Rhizobium leguminosarum

Scientific classification
- Domain: Bacteria
- Kingdom: Pseudomonadati
- Phylum: Pseudomonadota
- Class: Alphaproteobacteria
- Order: Hyphomicrobiales
- Family: Rhizobiaceae
- Genus: Rhizobium
- Species: R. leguminosarum
- Binomial name: Rhizobium leguminosarum (Frank 1879) Frank 1889 (Approved Lists 1980)
- Type strain: ATCC 10004 LMG 14904 strain 3Hoq18 USDA 2370
- Biovars: symbiovar trifolii; symbiovar viciae;
- Synonyms: Rhizobium trifolii Dangeard 1926 (Approved Lists 1980);

= Rhizobium leguminosarum =

- Genus: Rhizobium
- Species: leguminosarum
- Authority: (Frank 1879) Frank 1889 (Approved Lists 1980)
- Synonyms: Rhizobium trifolii Dangeard 1926 (Approved Lists 1980)

Species of bacterium

Rhizobium leguminosarum is a Gram-negative soil bacterium in the genus Rhizobium that forms mutualistic, nitrogen-fixing symbioses with legumes. Compatible strains colonise the roots of various host plants and induce the formation of root nodules, within which the bacteria differentiate into bacteroids and convert atmospheric nitrogen into ammonium compounds that can be used by the plant. In return, the plant supplies the bacteria with carbon compounds.

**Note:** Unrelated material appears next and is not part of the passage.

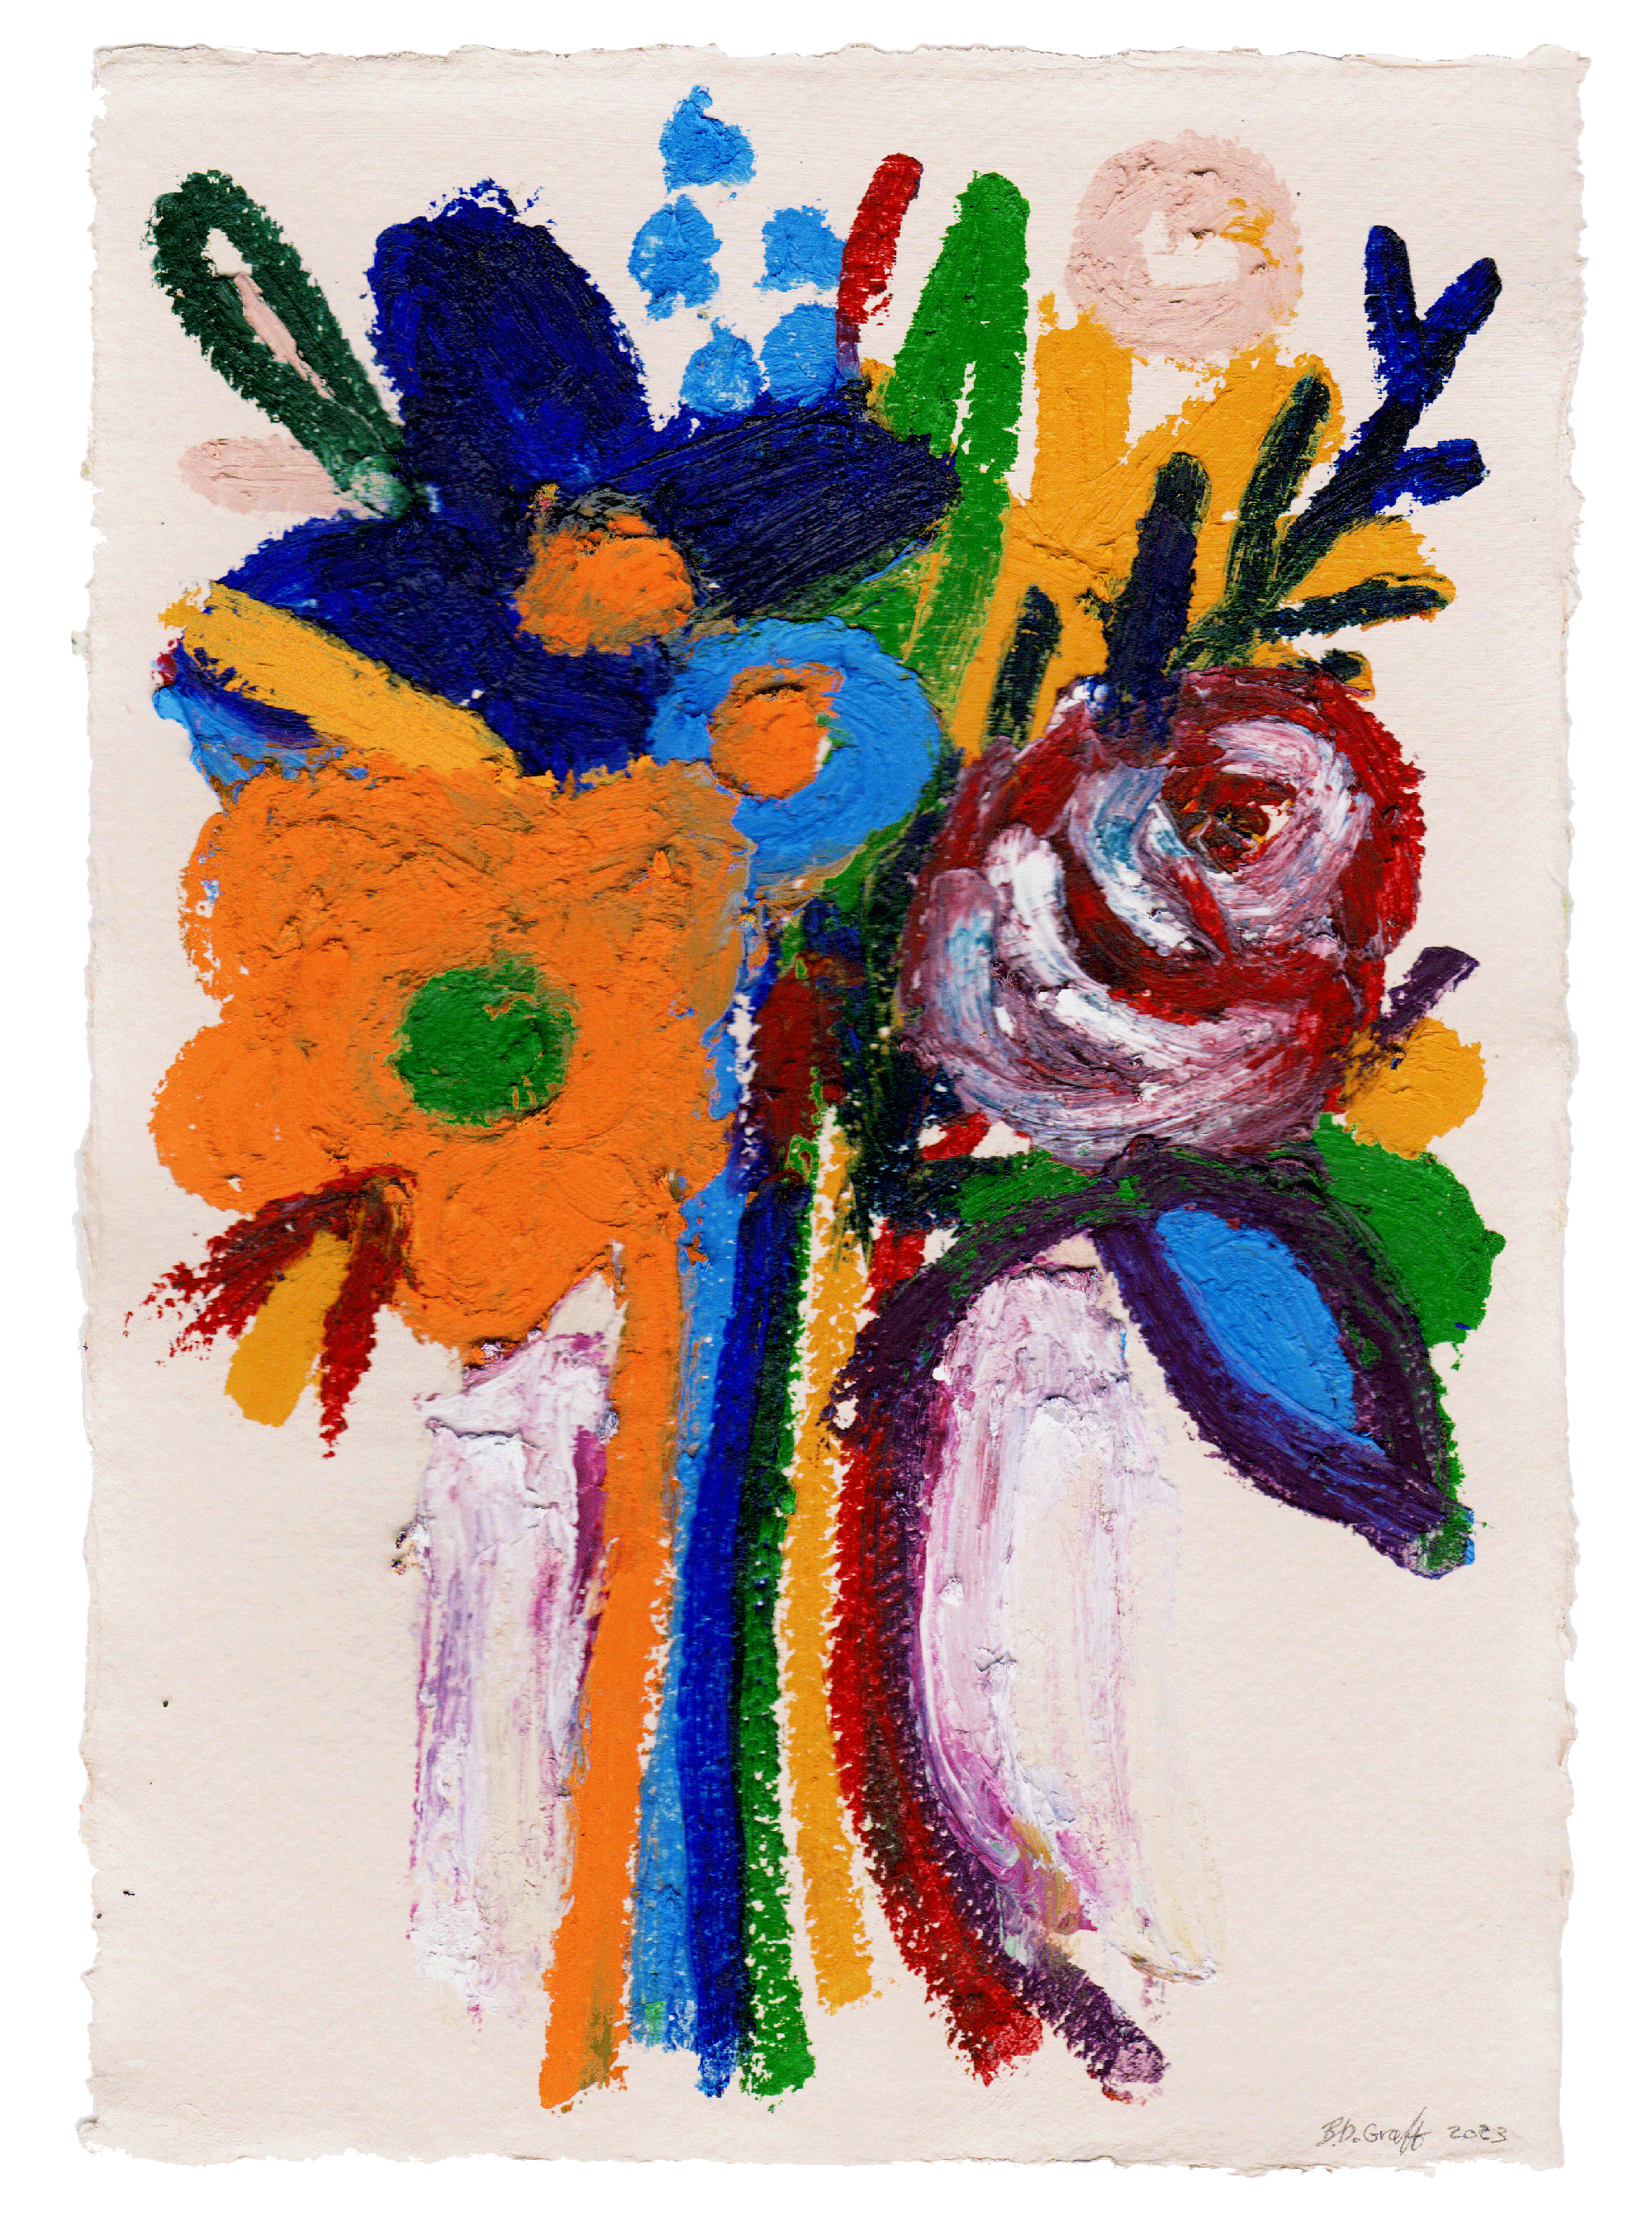 Colourful Bouquet

Different symbiotic groups have characteristic host ranges: strains of symbiovar viciae nodulate legumes including peas, vetches and lentils, whereas symbiovar trifolii is associated with clovers. R. leguminosarum, particularly strains of symbiovar viciae, has been widely used as a model for studying root-nodule formation, bacteroid metabolism and symbiotic nitrogen fixation. Its genome has also been extensively studied, including the complete sequencing of the widely used strain 3841.

== Morphology ==
Rhizobium leguminosarum is a Gram-negative, motile, rod-shaped, aerobic bacterium.

== Common biovars==
Rhizobium leguminosarum biovar trifolii, and R. leguminosarum biovar viciae are the most commonly studied biovars of R. leguminosarum, with certain studies seemingly treating R. trifolii as its own species.

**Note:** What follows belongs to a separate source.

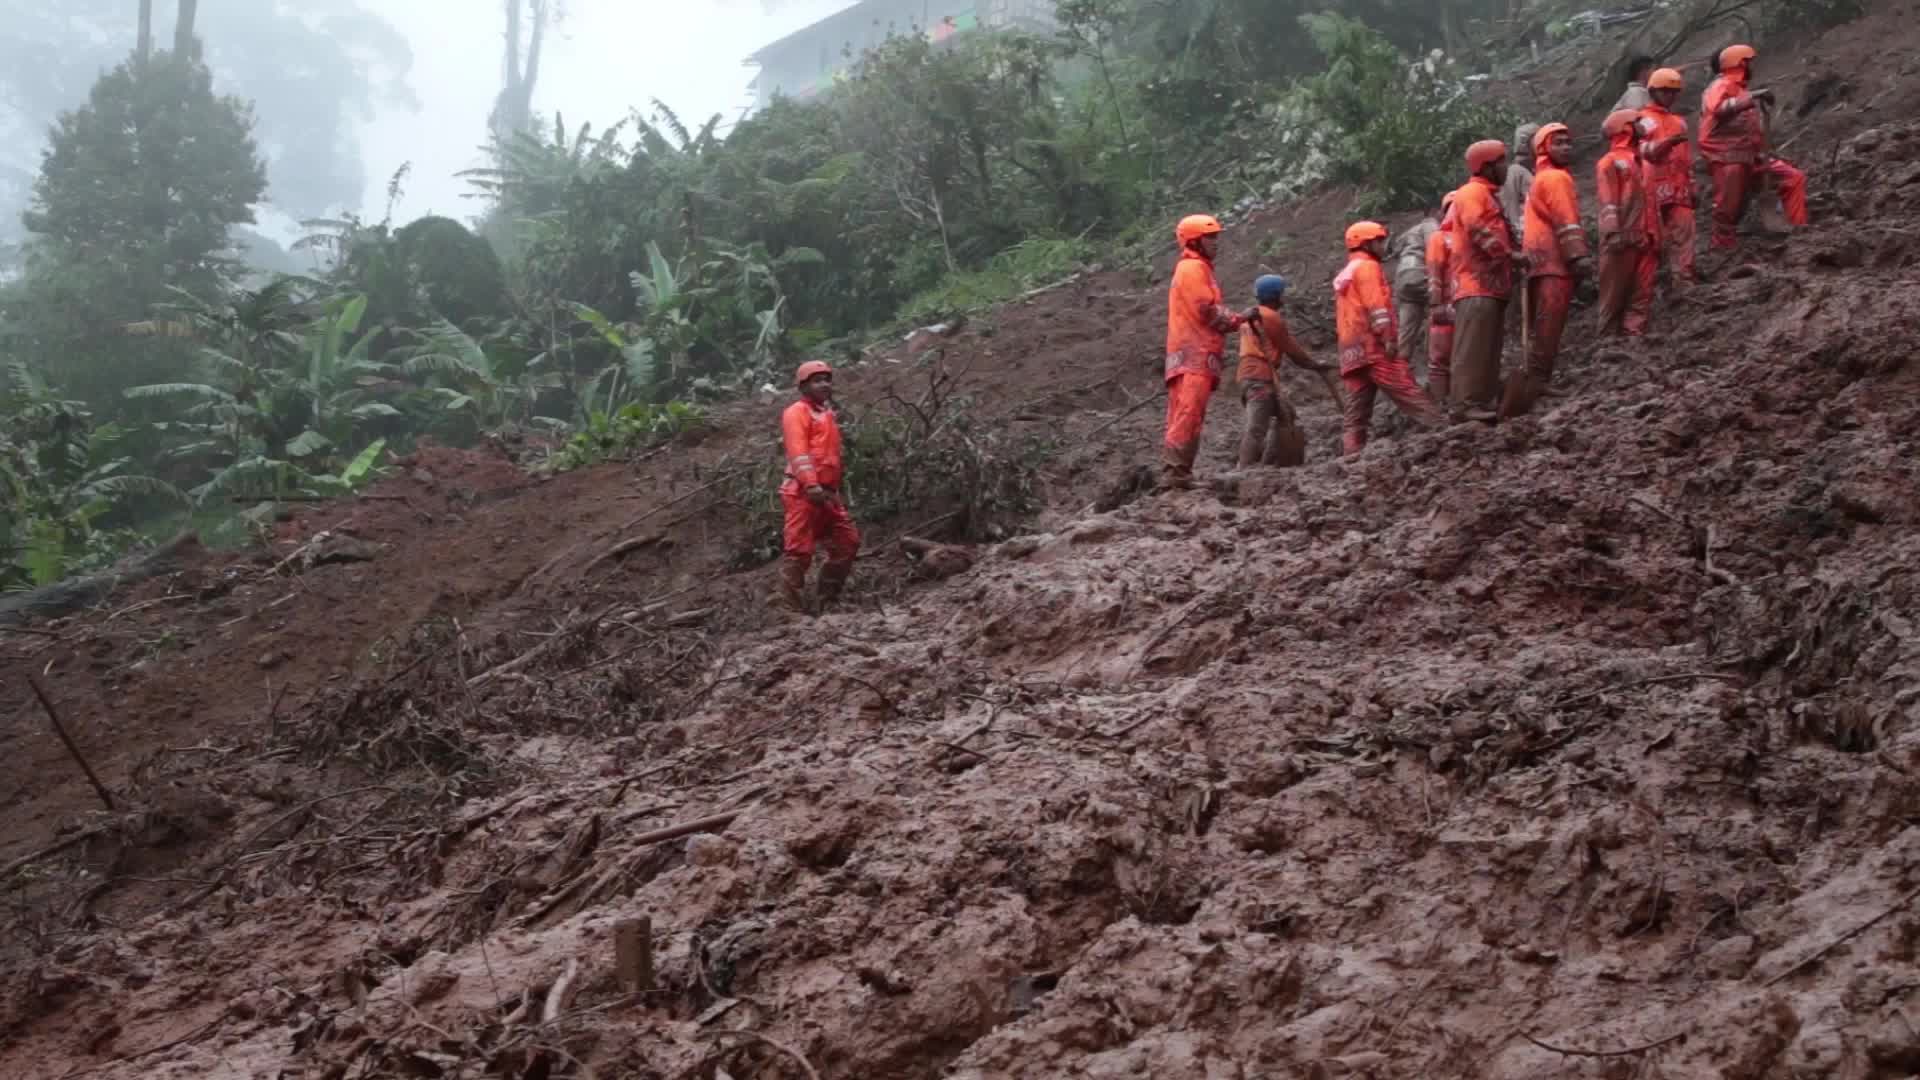 Landslide victim evacuation at Bogor, West Java

== Symbiosis and nitrogen fixation ==
The symbiosis between R. leguminosarum and its host plants involves an exchange of chemical signals. Compounds released by legume roots, particularly flavonoids and other phenolic compounds, are detected by rhizobial regulatory proteins such as NodD, which activate bacterial nod genes. These genes direct the production of Nod factors, signalling molecules whose precise chemical structure is an important determinant of host specificity.

In susceptible legumes, Nod-factor signalling causes changes including root hair deformation and curling. The bacteria enter through structures known as infection threads and are delivered into developing root nodules, where they differentiate into bacteroids capable of nitrogen fixation. Within the nodule, the plant supplies the bacteroids with carbon compounds, while the bacteria reduce atmospheric nitrogen to forms that can be assimilated by the plant. Nitrogenase is sensitive to oxygen, although the bacteroids require oxygen for respiration; leghemoglobin produced in the nodule helps maintain a low free-oxygen concentration while delivering oxygen to the bacteroids.

== Genome ==
The extensively studied R. leguminosarum bv. viciae strain 3841 has a genome of approximately 7.75 million base pairs, consisting of a circular chromosome and six circular plasmids. Many genes involved in the symbiosis are carried on plasmids. In strain 3841, the 488-kilobase plasmid pRL10 is the principal symbiotic plasmid and contains clustered nod genes required for nodulation together with nif and fix genes involved in nitrogen fixation.

== Fatty acid synthesis ==
Rhizobium leguminosarums acyl carrier protein differs from most ACPs by having a C-terminus extension. This ACP is also used in the synthesis of unusually long ACPs which themselves are then used in the synthesis of the R. leguminosarum nod factor.

== Uses ==
R. leguminosarum is widely used in the inoculation of legume seeds. The sv. trifolii strain U204 is commercially used to inoculate white and red clover in particular, but better strains for this purpose are being developed.

Research has been carried out into the role that R. leguminosarum could play in promoting growth of canola and lettuce.